GIVEN INFORMATION
= = = =

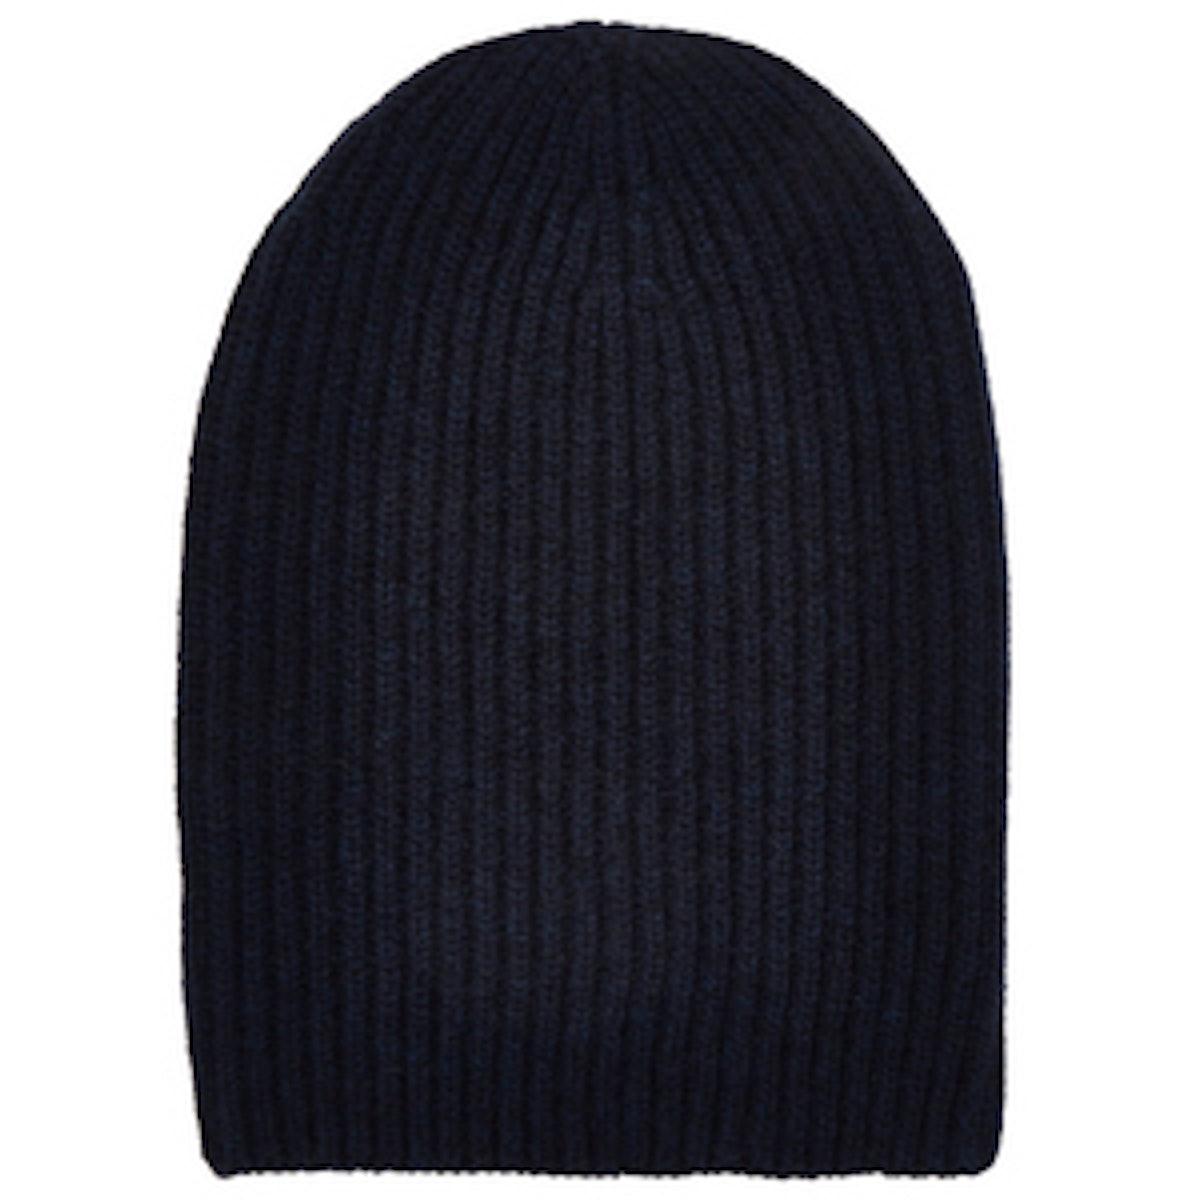 English Rib-Knit Beanie
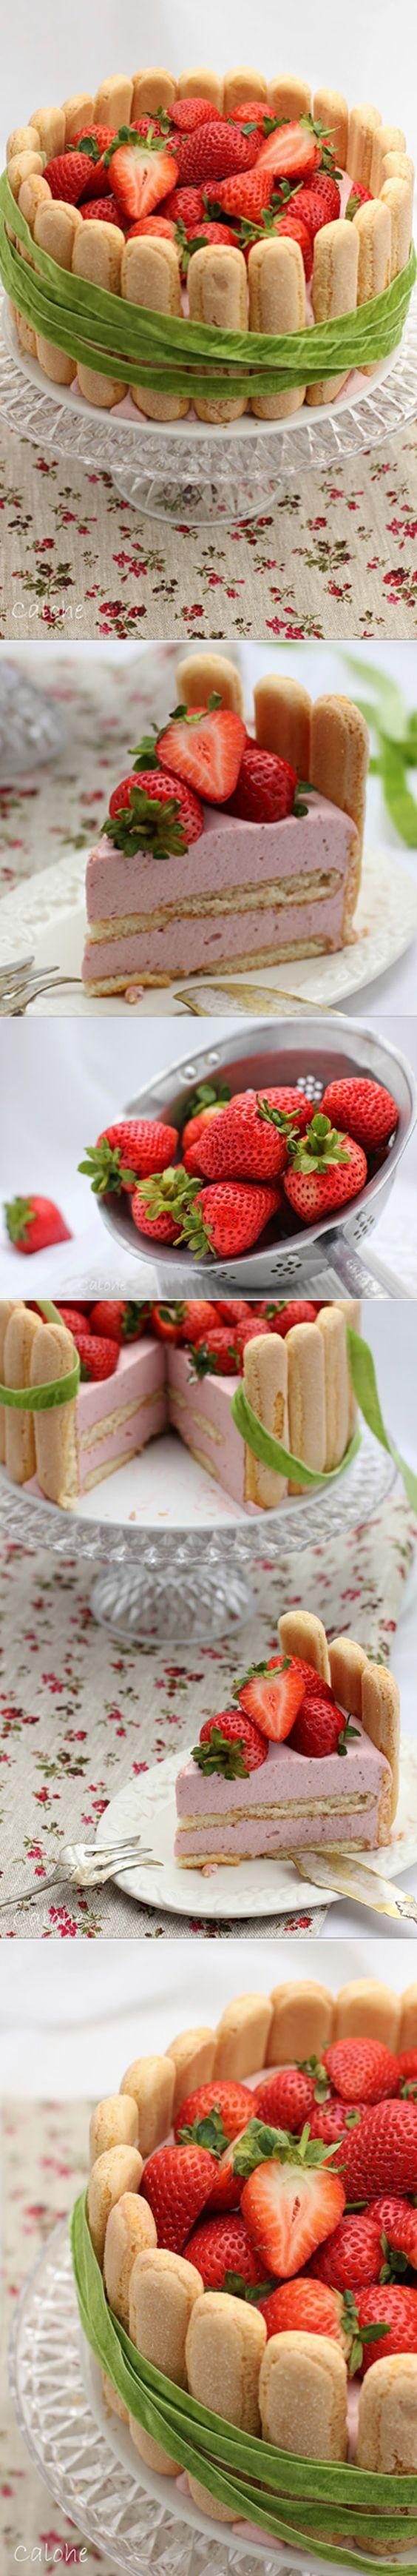 Carlota de fresas / http://laslibretasdecalohe.blogspot.com.es/
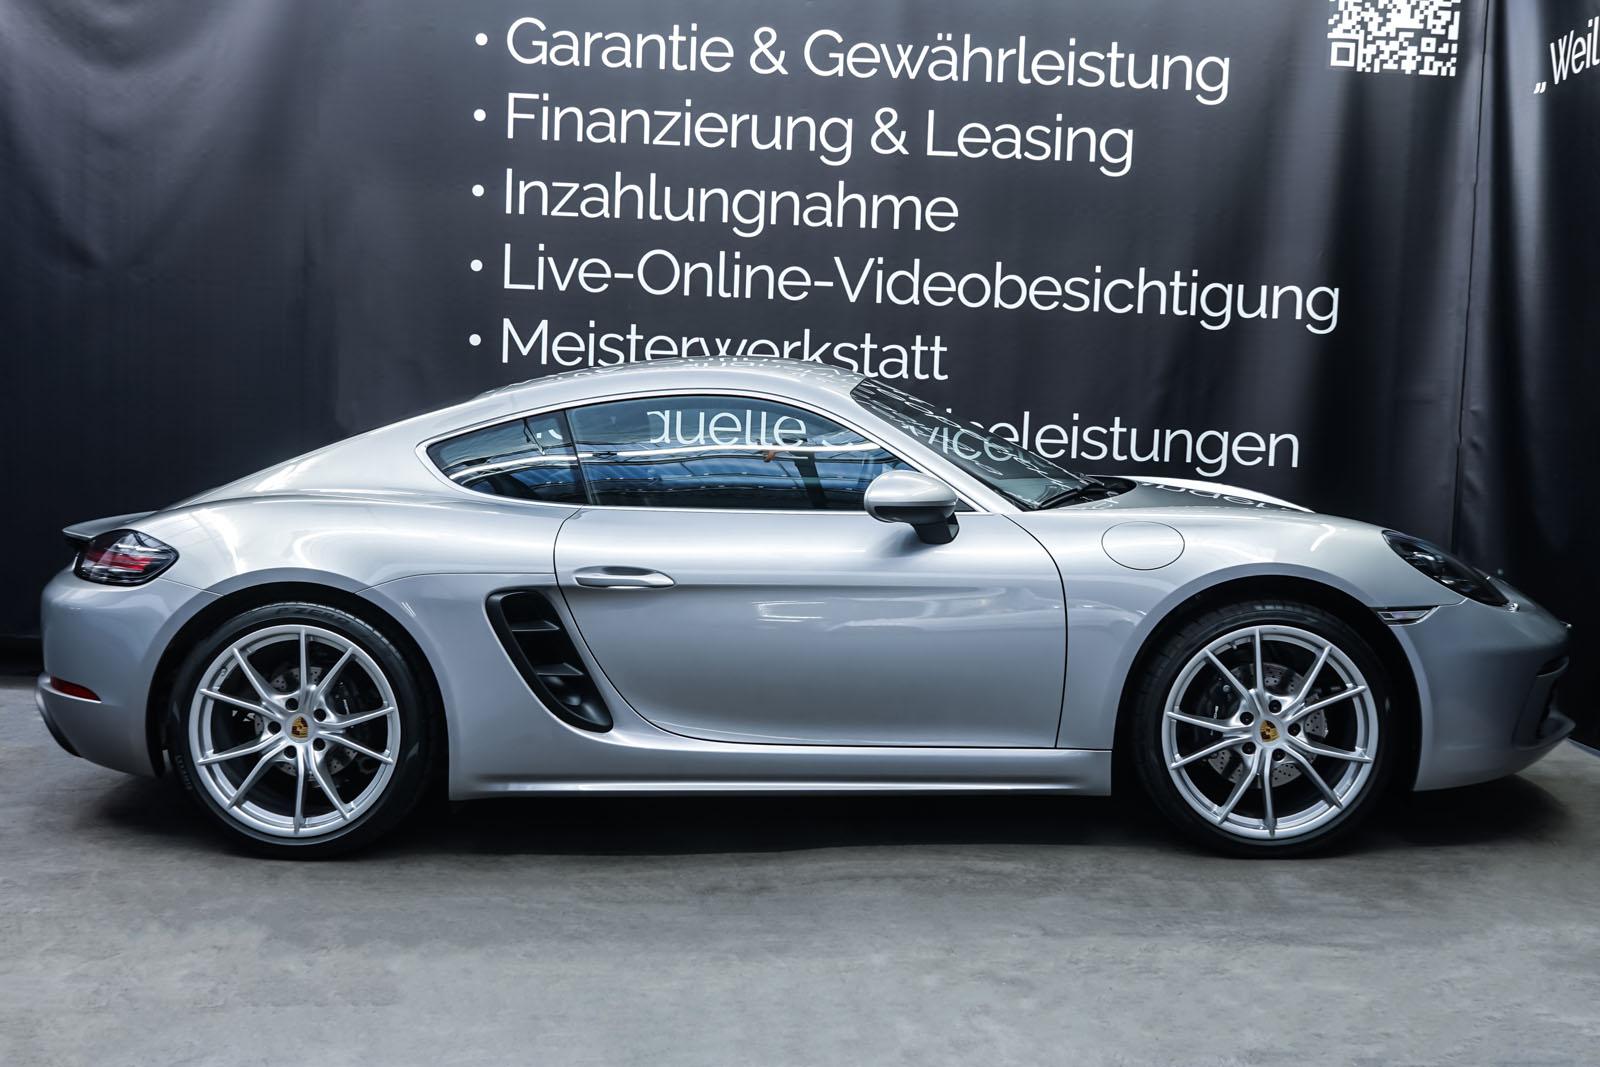 Porsche_718_Cayman_Silber_Schwarz_POR-0223_14_w
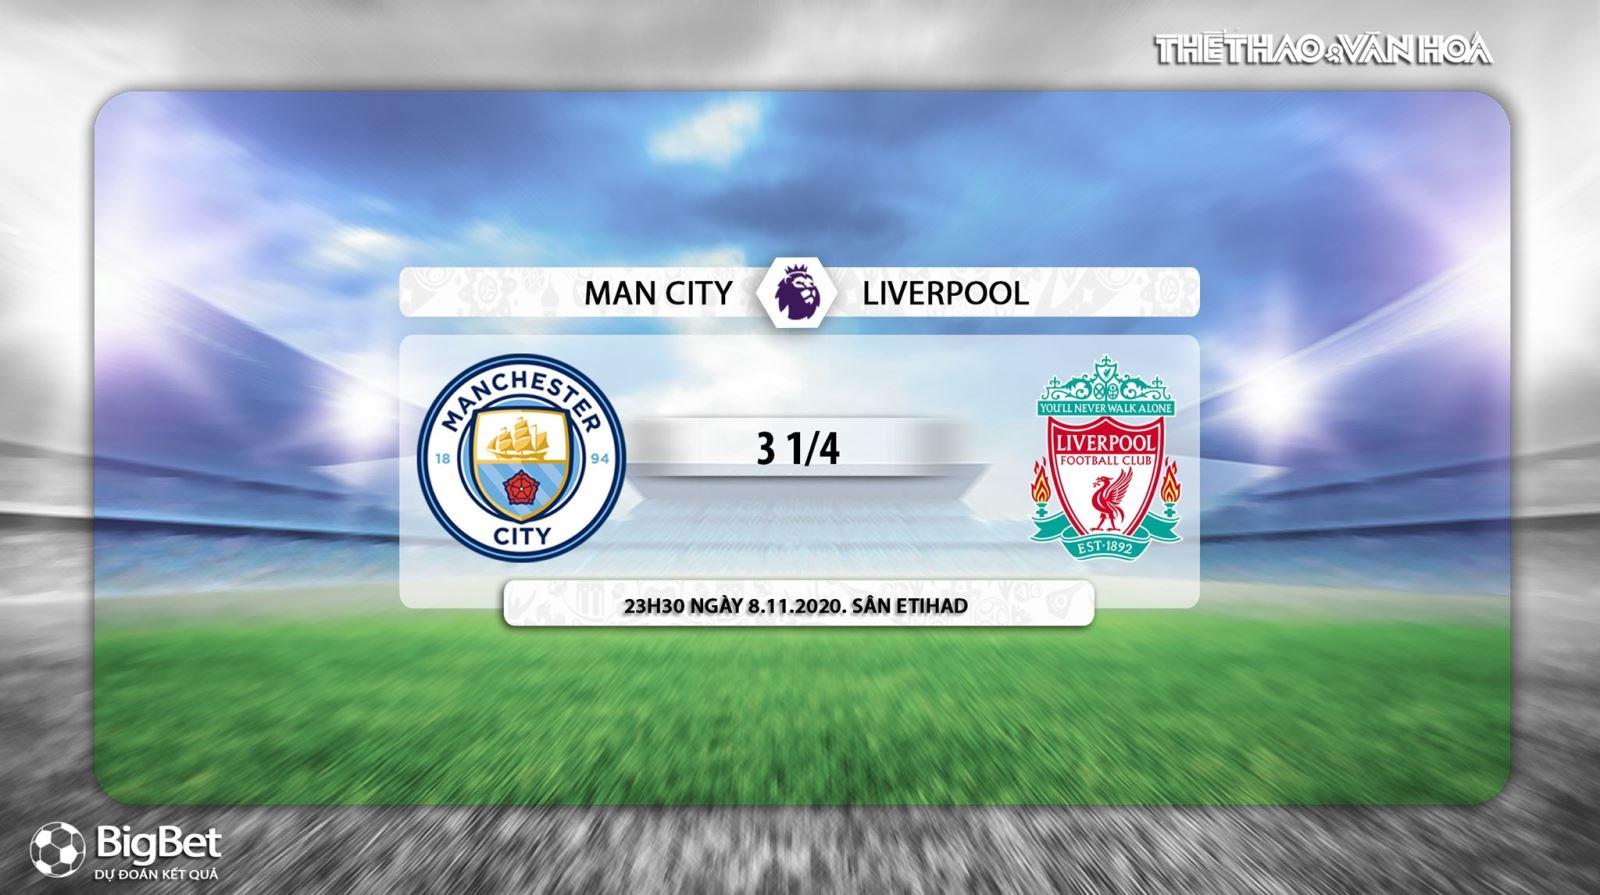 Keo nha cai, kèo nhà cái, Man City vs Liverpool, K+, K+PM, Truc tiep bong da, Ngoại hạng Anh, Xem K+, trực tiếp bóng đá Anh, Soi kèo bóng đá, kèo Liverpool, xem bóng đá

= = = =

INSTRUCTIONS FOR THE TASK
Restate word for word the lines above that start at the line containing "Porsche_718_Cayman_Silber_Schwarz_POR-0223_14_w" and run to the end of the listing; exclude the pictures.

WRITTEN RESPONSE
 Porsche_718_Cayman_Silber_Schwarz_POR-0223_14_w
 Keo nha cai, kèo nhà cái, Man City vs Liverpool, K+, K+PM, Truc tiep bong da, Ngoại hạng Anh, Xem K+, trực tiếp bóng đá Anh, Soi kèo bóng đá, kèo Liverpool, xem bóng đá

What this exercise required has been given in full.